Posted to commits@santuario.apache.org by co...@apache.org on 2020/10/19 06:48:11 UTC
[santuario-xml-security-java] 02/02: Catching a few
NumberFormatExceptions
This is an automated email from the ASF dual-hosted git repository.

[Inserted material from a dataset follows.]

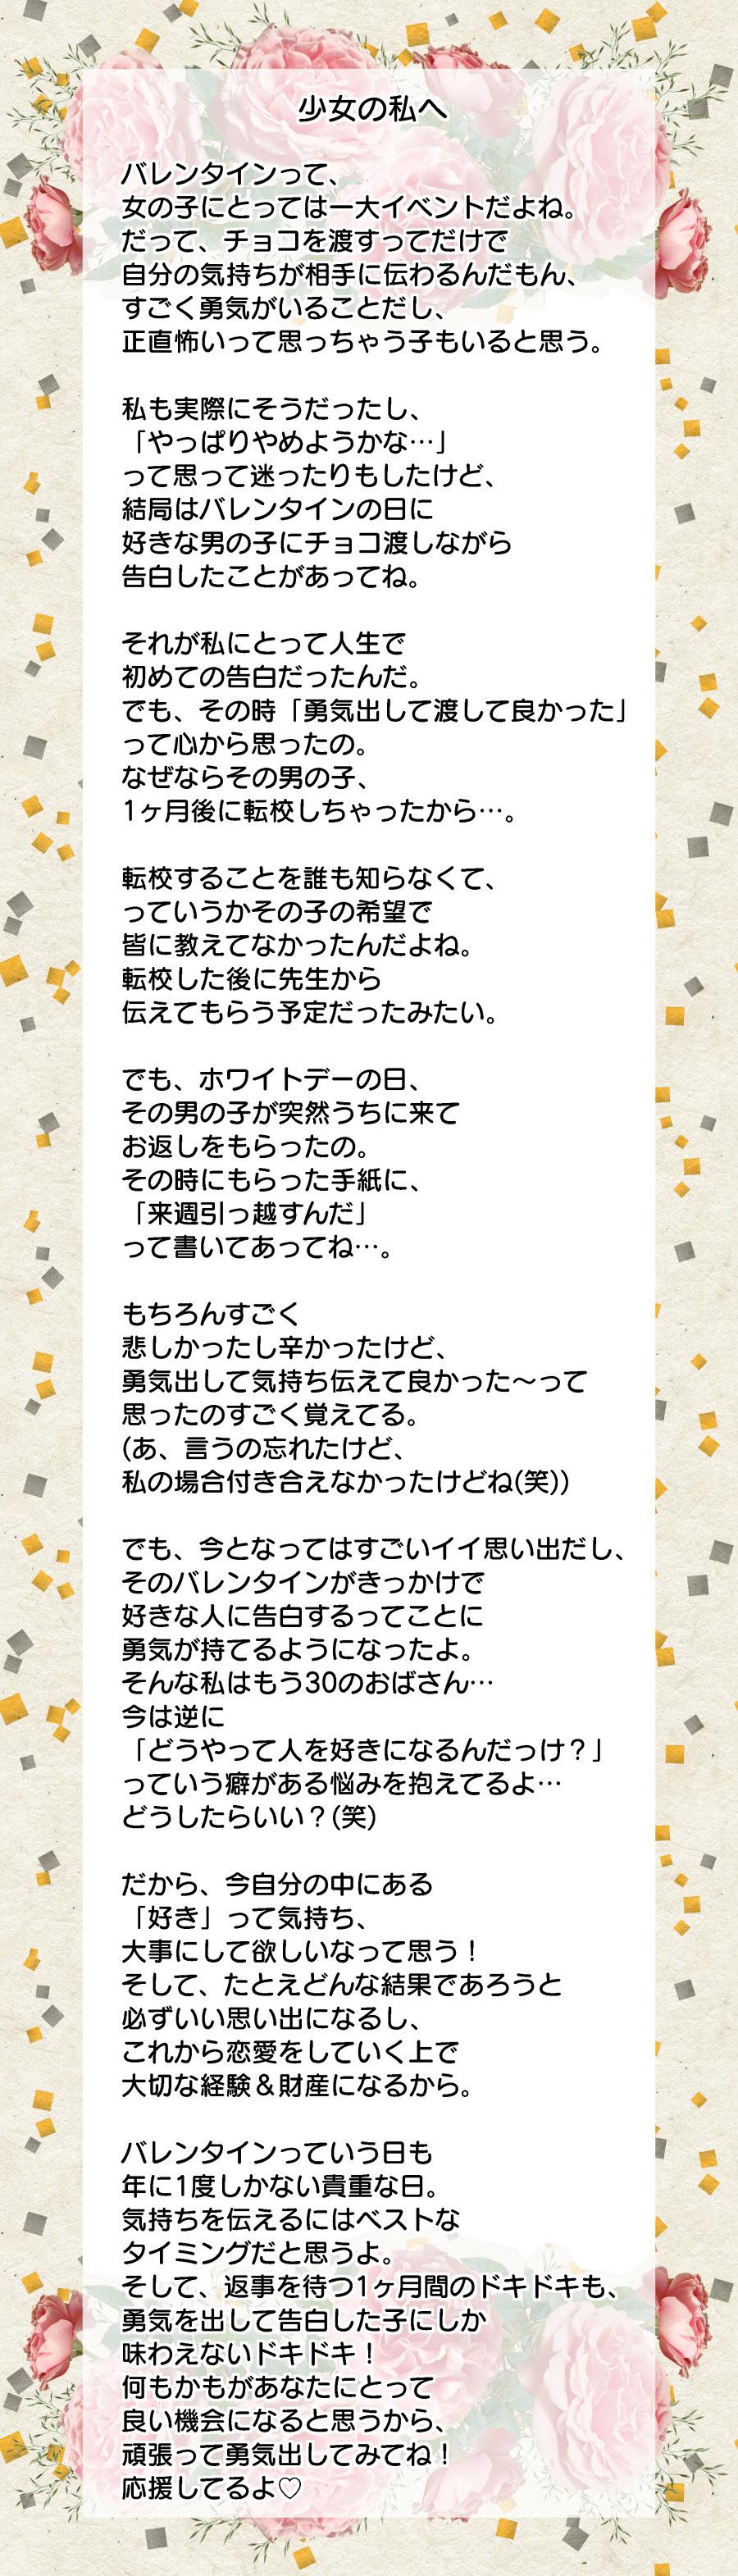 20210204手紙②
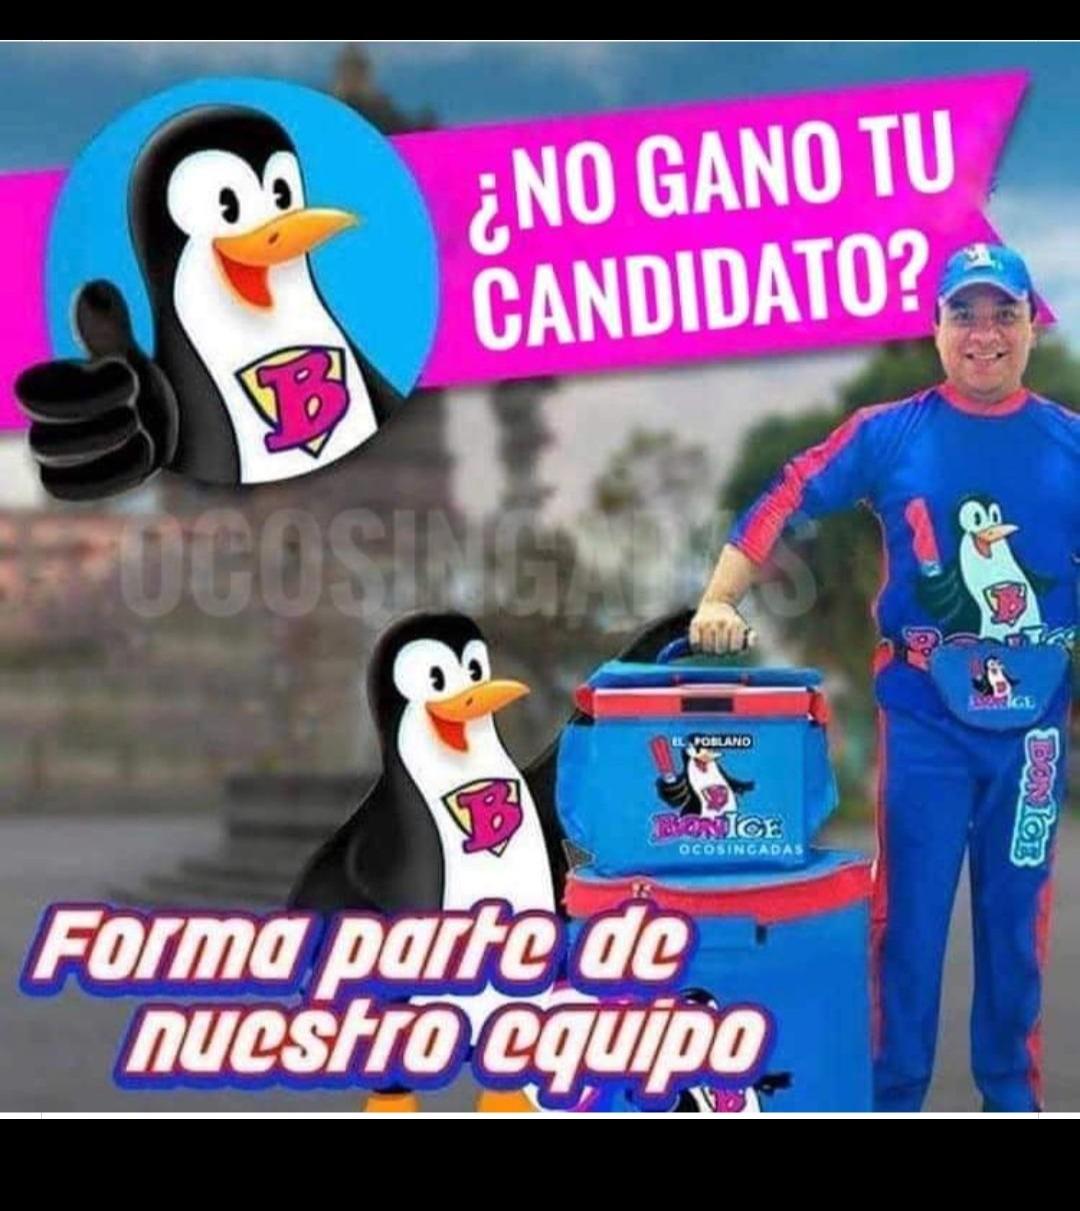 Votaciones México 2021 se acabaron - meme

coheigea pushed a commit to branch master
in repository https://gitbox.apache.org/repos/asf/santuario-xml-security-java.git
commit 2ea6154b6bcb84af0d0074a05bd177e09124aaae
Author: Colm O hEigeartaigh <co...@apache.org>
AuthorDate: Mon Oct 19 07:47:52 2020 +0100
Catching a few NumberFormatExceptions
---
.../xml/dsig/internal/dom/DOMHMACSignatureMethod.java | 6 +++++-
.../dsig/internal/dom/DOMRSAPSSSignatureMethod.java | 17 ++++++++++++++---
.../algorithms/implementations/SignatureBaseRSA.java | 18 ++++++++++++++++--
.../org/apache/xml/security/utils/RFC2253Parser.java | 8 ++++++--
4 files changed, 41 insertions(+), 8 deletions(-)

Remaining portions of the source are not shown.